54:55 Like, first of all, we saw that Python, its runtime doesn't actually utilize typing information at all.

55:03 It just tries to find attributes on your objects and does things with them.

55:08 And actually, the most performant Python runtime that we have, PyPy, is all about dynamically finding what are you doing.

55:15 And it's being able to find this in ways that are way more precise than type information that you put in will ever be.

55:24 Right.

55:25 Because very often, the types that you're going to describe is that I want to have an iterable of string.

55:31 I don't care what iterable that is.

55:33 It should be an iterable.

55:34 So that is not very useful for PyPy.

55:38 Right.

55:38 What would be useful is, yes, it's an iterable, but I run types or tuples.

55:42 Right.

55:43 So that way, like, it can actually put guards and jit things away and it becomes way faster.

55:50 So we were very negative, like, in terms of seeing value in this.

55:54 But this is exactly what Cython does.

55:56 Right.

55:57 And Cython can sometimes accelerate your function by, like, 20, 50 times, like, by knowing that, oh, this is only ever a string or this is only ever an int.

56:07 So I can maybe not even box it in a Py object and just do C-level computation that way.

56:14 So combining this information with an ahead-of-time compilation step is what is very interesting.

56:22 And I talked with Yuka Lechtostalo, the original author of mypy, about this idea during the last PyCon.

56:30 And he has a project that is sort of spearheading this for Python.

56:37 So I really do hope that by this PyCon, like, we'll probably hear from Dropbox that, hey, this actually works out.

56:44 This actually accelerates Python in this sort of automatic way.

56:48 So I don't know if you remember.

56:49 That would be awesome.

56:50 I don't know if you remember, but originally PyPy started out as, like, this crazy import that you just put in your project, like, import cycle.

56:58 And suddenly, like, your code became way faster.

57:02 You didn't know why.

57:03 So we might actually be back into this world where you don't maybe even have to perform any imports in some future Python version.

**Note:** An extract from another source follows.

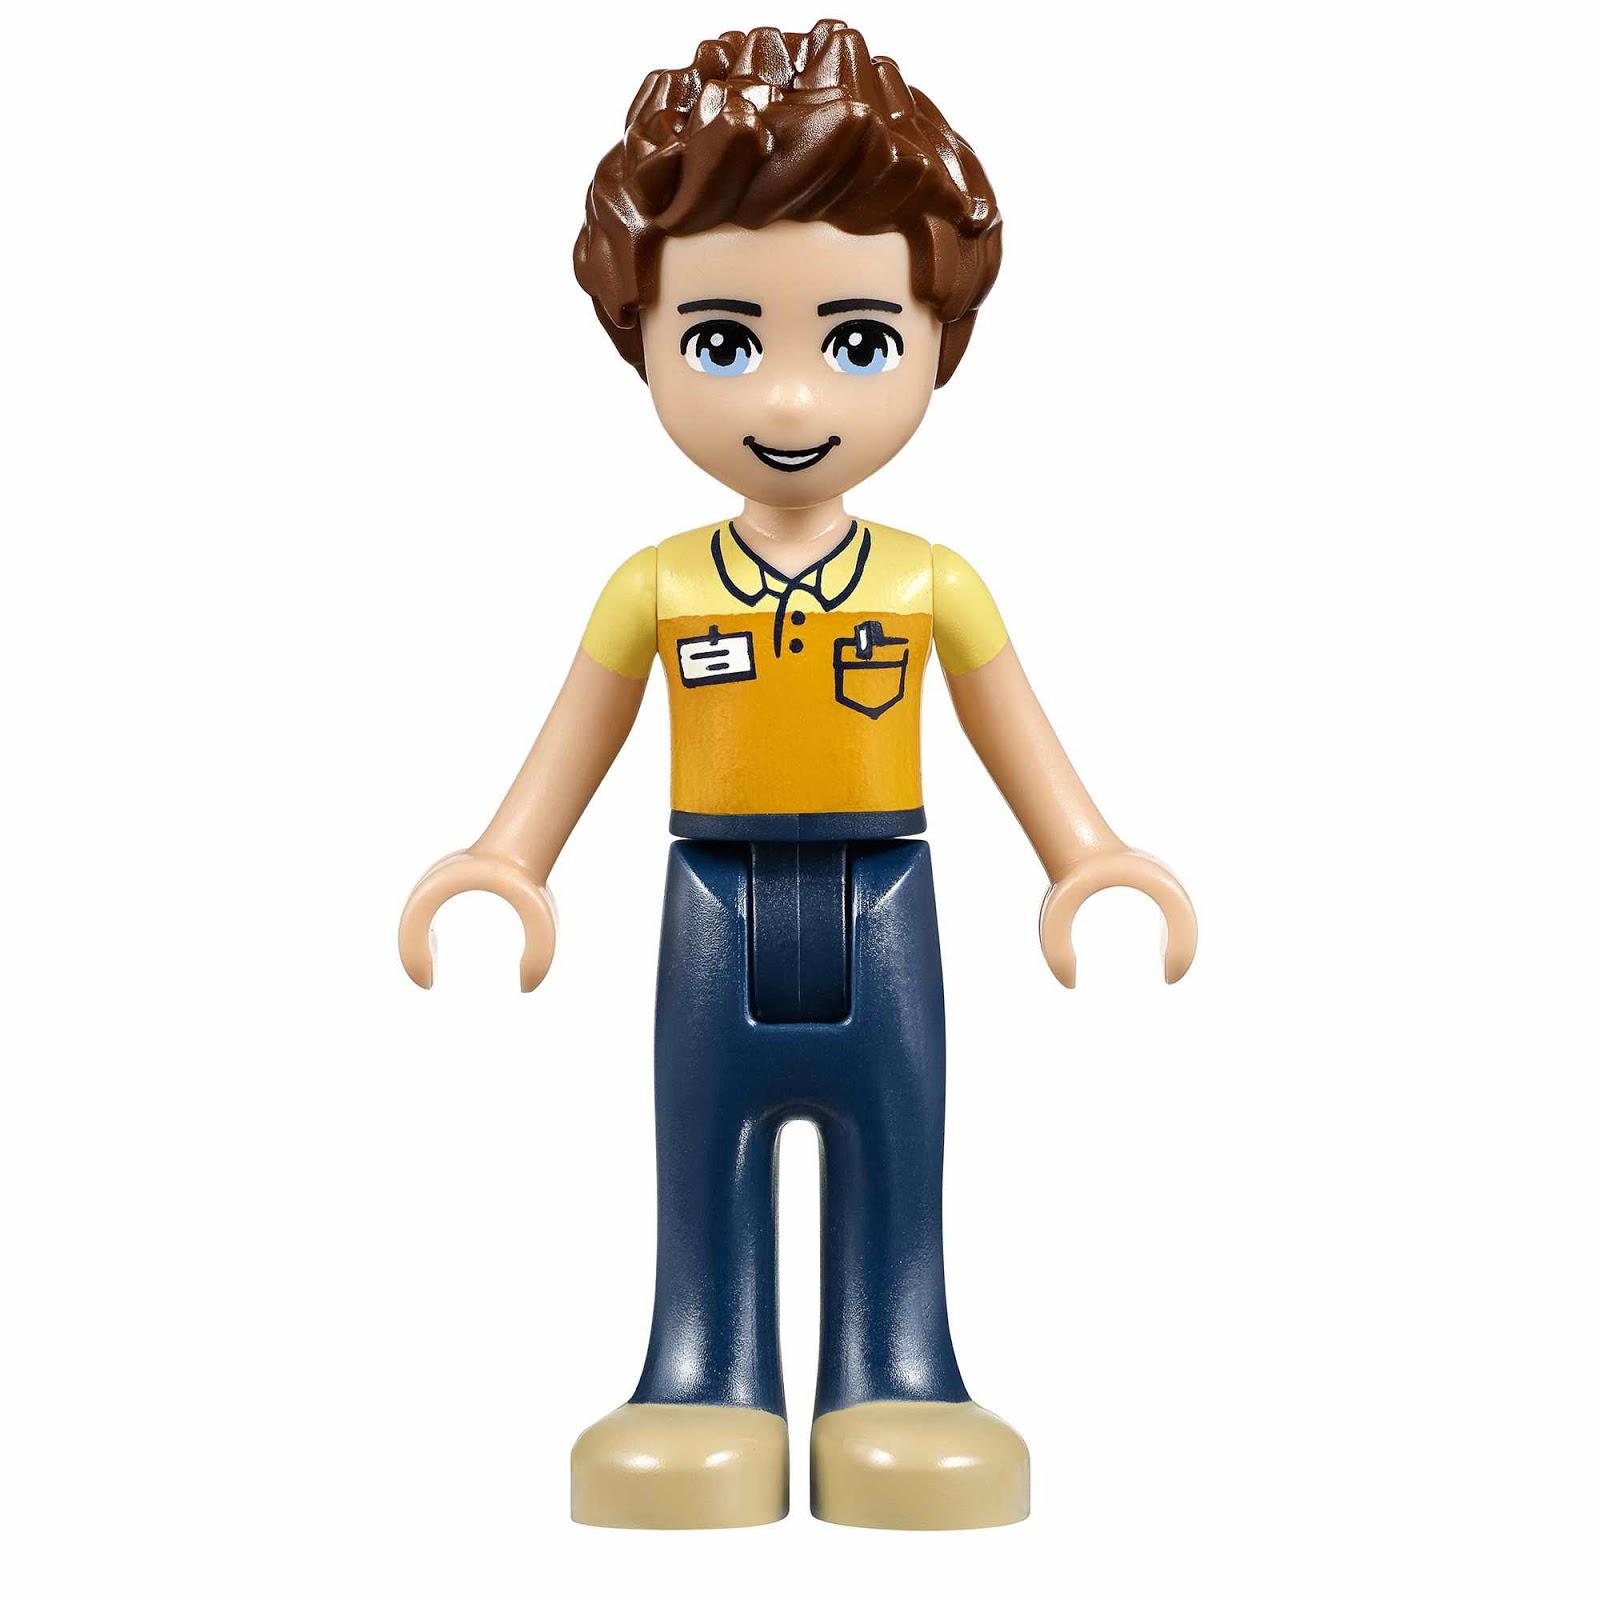 Daniel Lego Friends Wiki Fandom Powered By Wikia

57:11 But we are actually going to attempt to do some ahead-of-time compilation for you.

57:16 And type information is going to be useful there.

57:18 That would actually be really, really interesting.

57:20 So I'm looking forward to that.

57:22 All right.

57:23 We're getting sort of short on our time.

57:24 So I want to just cover one more really quick thing.

57:27 And maybe just leave it there for the type annotations.

57:30 It's really awesome work.

57:32 And the more I use them, the more I like them.

57:33 But you have one other interesting piece of news to do with just Python more in general.

57:37 And you, right?

57:38 Yes.

57:38 So you were just chosen as the release manager for Python 3.8 and 3.9.

57:44 And 3.7 is coming really soon, right?

57:45 So you're on deck.

57:47 And you'll be up really quickly, right?

57:48 Yes.

57:49 So pretty much the development of Python 3.8 just started just yesterday.

57:57 So yes, it's going to be developed for the next 18 months, pretty much.

58:01 And Python 3.7 is in beta stage now.

58:05 What it means is we don't add new features to it anymore.

58:09 We're going to pretty much harden it now, like find all the possible bugs and problems with

58:14 whatever we implemented at this stage.

58:17 Release for betas.

58:19 Then release, hopefully, very nice release candidate that we can then bless as the gold

58:24 version.

58:24 If not, then there's going to be another release candidate.

58:27 And at some point, we're going to release Python 3.7.

58:30 It sounds like this is very close now.

58:33 But in fact, that is going to happen late June.

58:37 So the beta stage actually takes quite a bit of time.

58:40 But yeah, like this is how a mature project like Python operates.

58:46 So like with Python 3.8.

58:48 The beta stage and the later release candidates or whatever are going to happen after PyCon in

58:56 2019.

58:57 So this is going to be quite a while from now.

59:01 Unless we change how we do things, which I might sort of influence a bit.

59:05 Like this is the timeline for the Python project.

59:08 That sort of stability is good for the average programmer, right?

59:12 Because the average programmer doesn't want to have backwards incompatible changes all the

59:17 time.

59:17 Like he's not interested in some subtle new features all the time.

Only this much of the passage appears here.